Original (1) and new (2) proposed structures of eushearilide.
Results and Discussion
In order to synthesize 2, we first performed the transformation to desired seco acid 13 starting from aldehyde 3 with phosphonium salt 4 (Scheme 1; For experimental procedures of 3 and 4, see Supplementary Information). Stereoselective formation of the (E)-olefin moiety at C16-C17 in 2 could be achieved via a trans-selective modified Wittig olefination, also known as the Schlosser modification.16, 17, 18 Transformation of aldehyde 3 with phosphonium salt 4 via the modified Wittig reaction was performed to afford desired coupling product 5 in good yield exclusively in the trans-form. The configuration of the double bond (C8-C9) in 5 was assigned as E based on the downfield shifts of the allylic methylene (δC 32.6 (C7) and δC 32.6 (C10)), while the Z-configuration was deduced from the upfield chemical shifts of the allylic methylene (δC 27.3 (C7) and δC 27.2 (C10)).19, 20, 21, 22 Successive deprotection of the terminal TBS group in 5 and subsequent oxidation of obtained alcohol 6 afforded corresponding aldehyde 7 in high yield. Aldol product 9, which possesses a (3S,23S) configuration, was stereoselectively synthesized via the asymmetric Mukaiyama aldol reaction23, 24, 25 of 1-ethylthio-1-(trimethylsiloxy)ethene (8), which was derived from S-ethyl propanethioate, with obtained aldehyde 7 in the presence of an (R)-diamine-Sn(II) complex as the catalyst with nBu3SnF. Next, the transesterification of thioester 9 with silver trifluoroacetate was performed to provide corresponding ethyl ester 10. Consecutive p-methoxybenzyl (PMB) protection of the secondary hydroxyl group in 10 and deprotection of the BOM group followed by saponification of the ethyl ester moiety yielded desired seco acid 13, a precursor of the ring-closing product, in good yield.
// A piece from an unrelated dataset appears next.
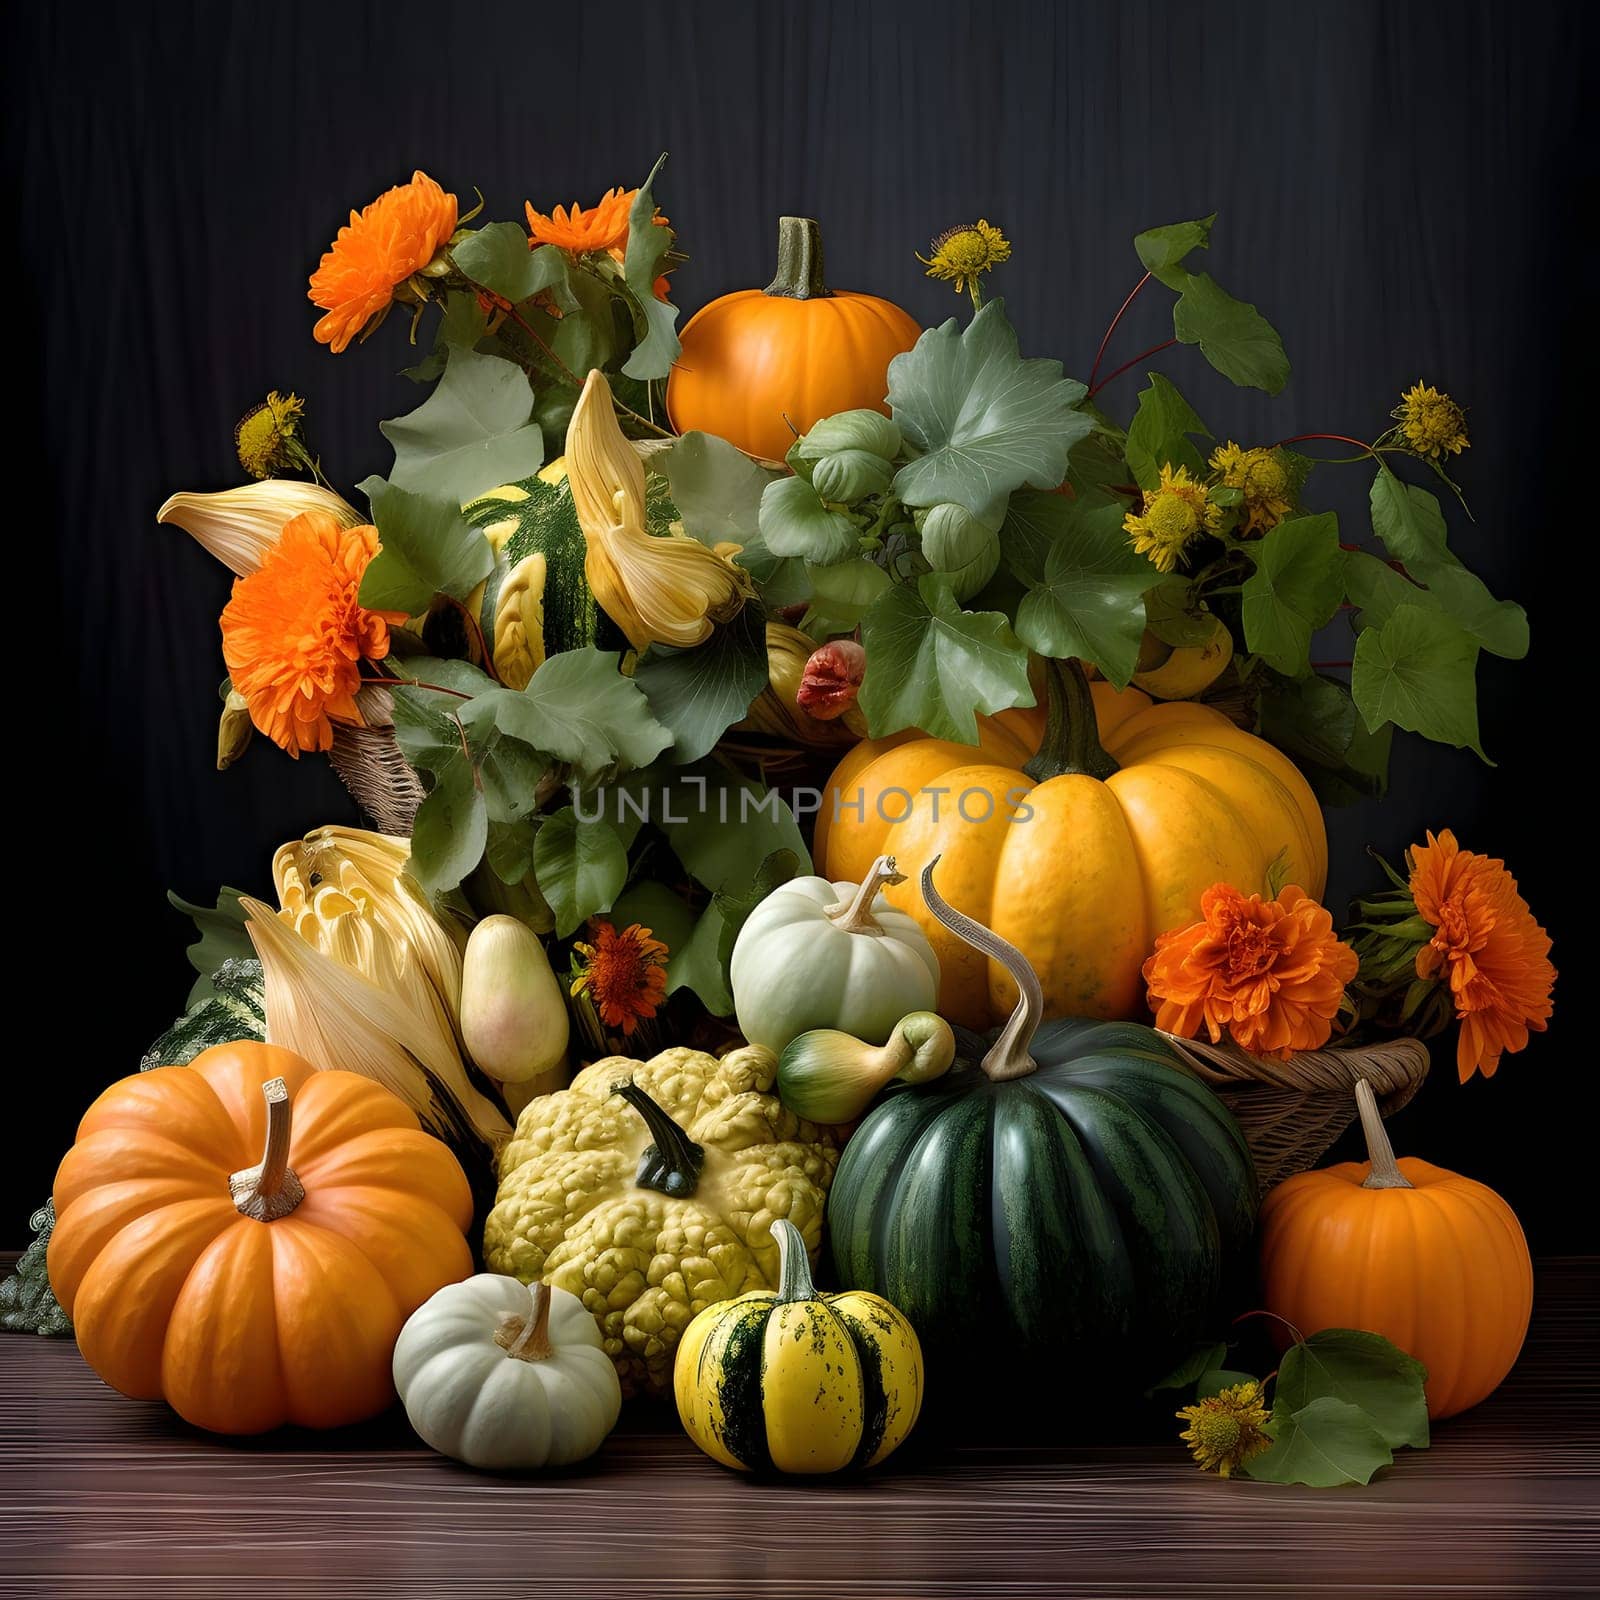 Elegantly arranged pumpkins and other vegetables on a dark background. Pumpkin as a dish of thanksgiving for the harvest. by ThemesS

Next, we attempted the macrolactonization of seco acid 13 via the MNBA method in the presence of DMAP as a nucleophilic catalyst (Scheme 2).7, 8, 9, 10, 11, 12, 13, 14, 15 An excess amount (6.0 eq.) of DMAP was employed with MNBA in dichloromethane at room temperature to afford 24-membered lactone 14 in 67% yield. After the successful macrolactonization using MNBA, a choline residue was attached to the obtained macrolactone framework. Following deprotection of the PMB group in 14 with 2,3-dichloro-5,6-dicyano-1,4-benzoquinone, a phosphorylcholine moiety26 was introduced on the secondary hydroxyl group in 15 to yield the desired (3S,16E,20E,23S)-2.
The 1H and 13C NMR spectra of the desired compound 2 were then compared with those of the natural product (Table 1). Owing to the newly stereoselective construction of the (E)-olefin moiety at C16-C17 in 2, the chemical shifts of all carbons in 2 were in complete agreement with those of the natural product reported in the literature,1 as clearly shown in Figure 2. Moreover, the optical rotation sense of 2 ([α]D25+11.3 (c 0.85, MeOH)) was consistent with that reported for naturally occurring eushearilide ([α]D25+12.8 (c 0.75, MeOH)).1 From these results, we were able to determine the complete stereostructure of eushearilide.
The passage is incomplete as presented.